Ms. Linney, an actress of unusual economy and seemingly innate grace, does not shy from depicting the thorny aspects of Sarah’s personality: her impatience with views opposing her own, the leftover anger from witnessing her parents’ unhappy marriage, the emotional reserve and the sense of detachment bred in her by her work. But she also reveals the reserves of tender feeling beneath the ample defenses. We sense Sarah’s growing fear that her need to live life on her own terms cannot be reconciled with the path James sees for their future. Ms. Linney’s tough but gently shaded performance honors the character’s seeming contradictions.

Sarah and James have spent much of their lives bearing witness to horrific violence, but Mr.

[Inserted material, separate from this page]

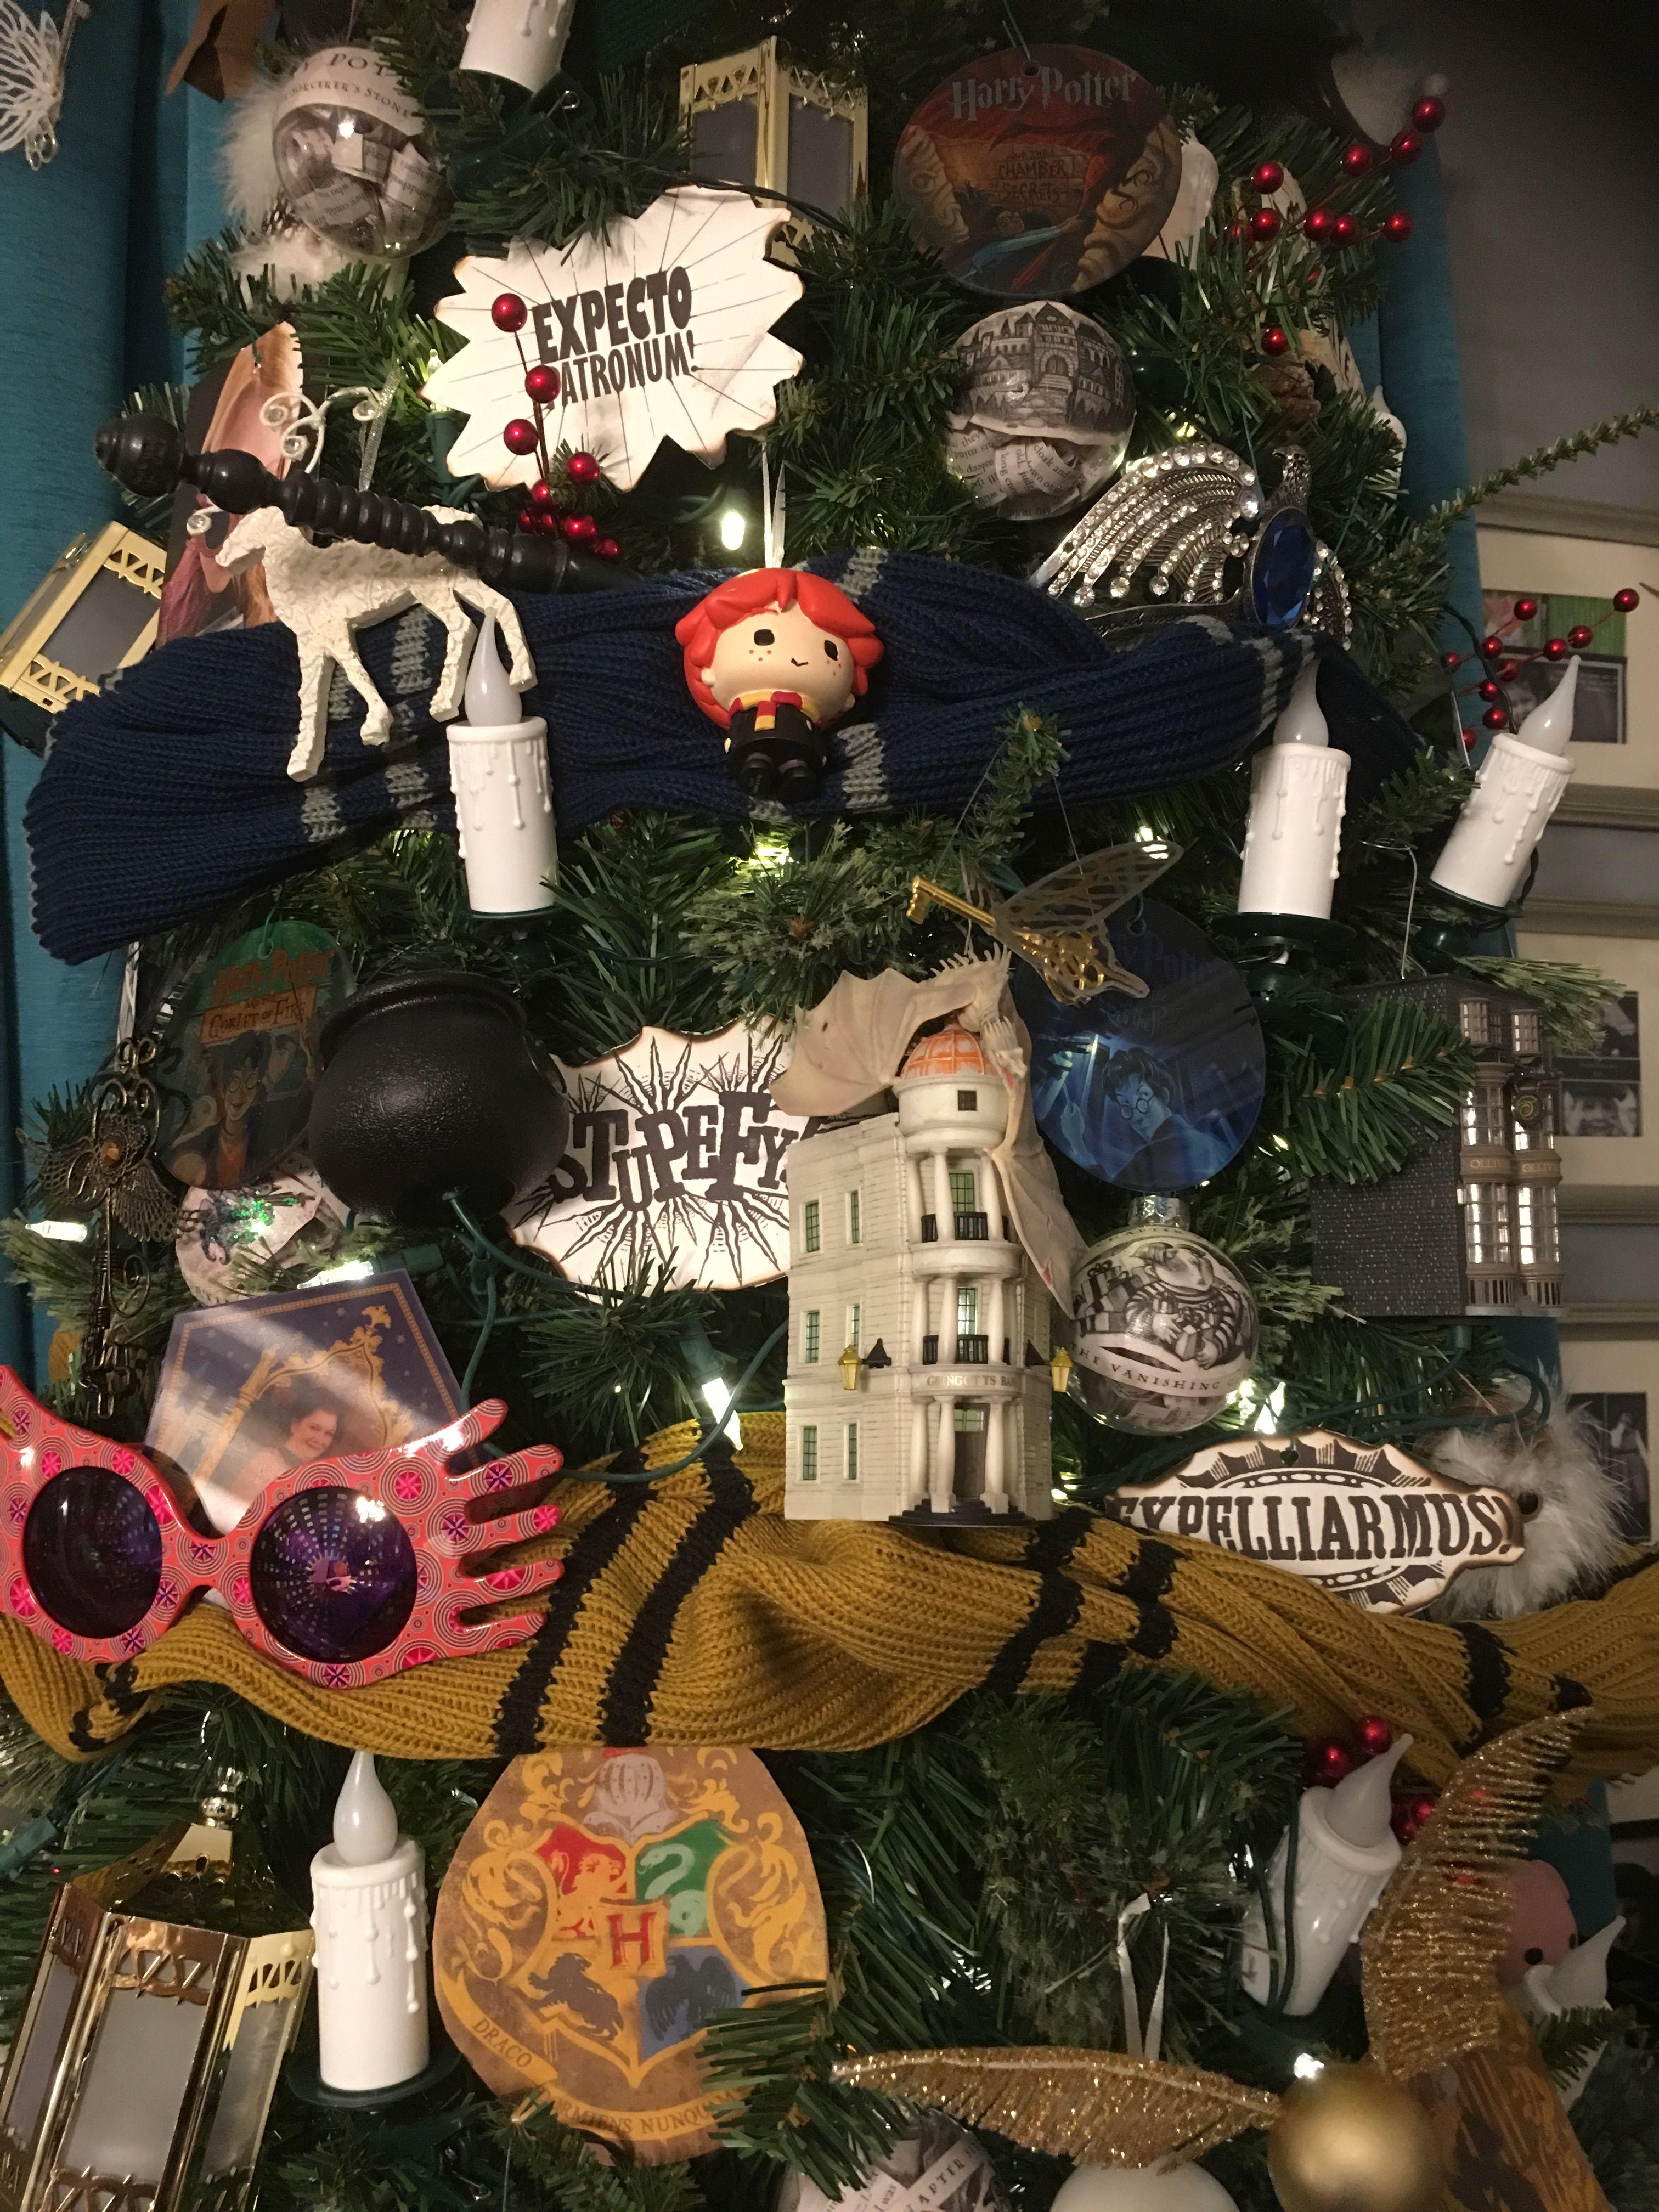 Harry Potter Christmas Tree Harrypottercharacters Brookers In

Margulies’s quietly powerful drama illustrates just how much pain and trauma are involved in the everyday business of two people creating a life together, one that accommodates the mistakes of the past, the reality of the present and the changes that the future may bring.

TIME STANDS STILL

By Donald Margulies; directed by Daniel Sullivan; sets by John Lee Beatty; costumes by Rita Ryack; lighting by Peter Kaczorowski; sound by Darron L West; music by Peter Golub; fight director, Thomas Schall. Presented by the Manhattan Theater Club, Lynne Meadow, artistic director; Barry Grove, executive producer; by special arrangement with Nelle Nugent/Wendy Federman. At the Samuel J. Friedman Theater, 261 West 47th Street, Manhattan; (212) 239-6200. Through March 14. Running time: 1 hour 55 minutes.

WITH: Eric Bogosian (Richard Ehrlich), Brian d’Arcy James (James Dodd), Laura Linney(Sarah Goodwin) and Alicia Silverstone (Mandy Bloom).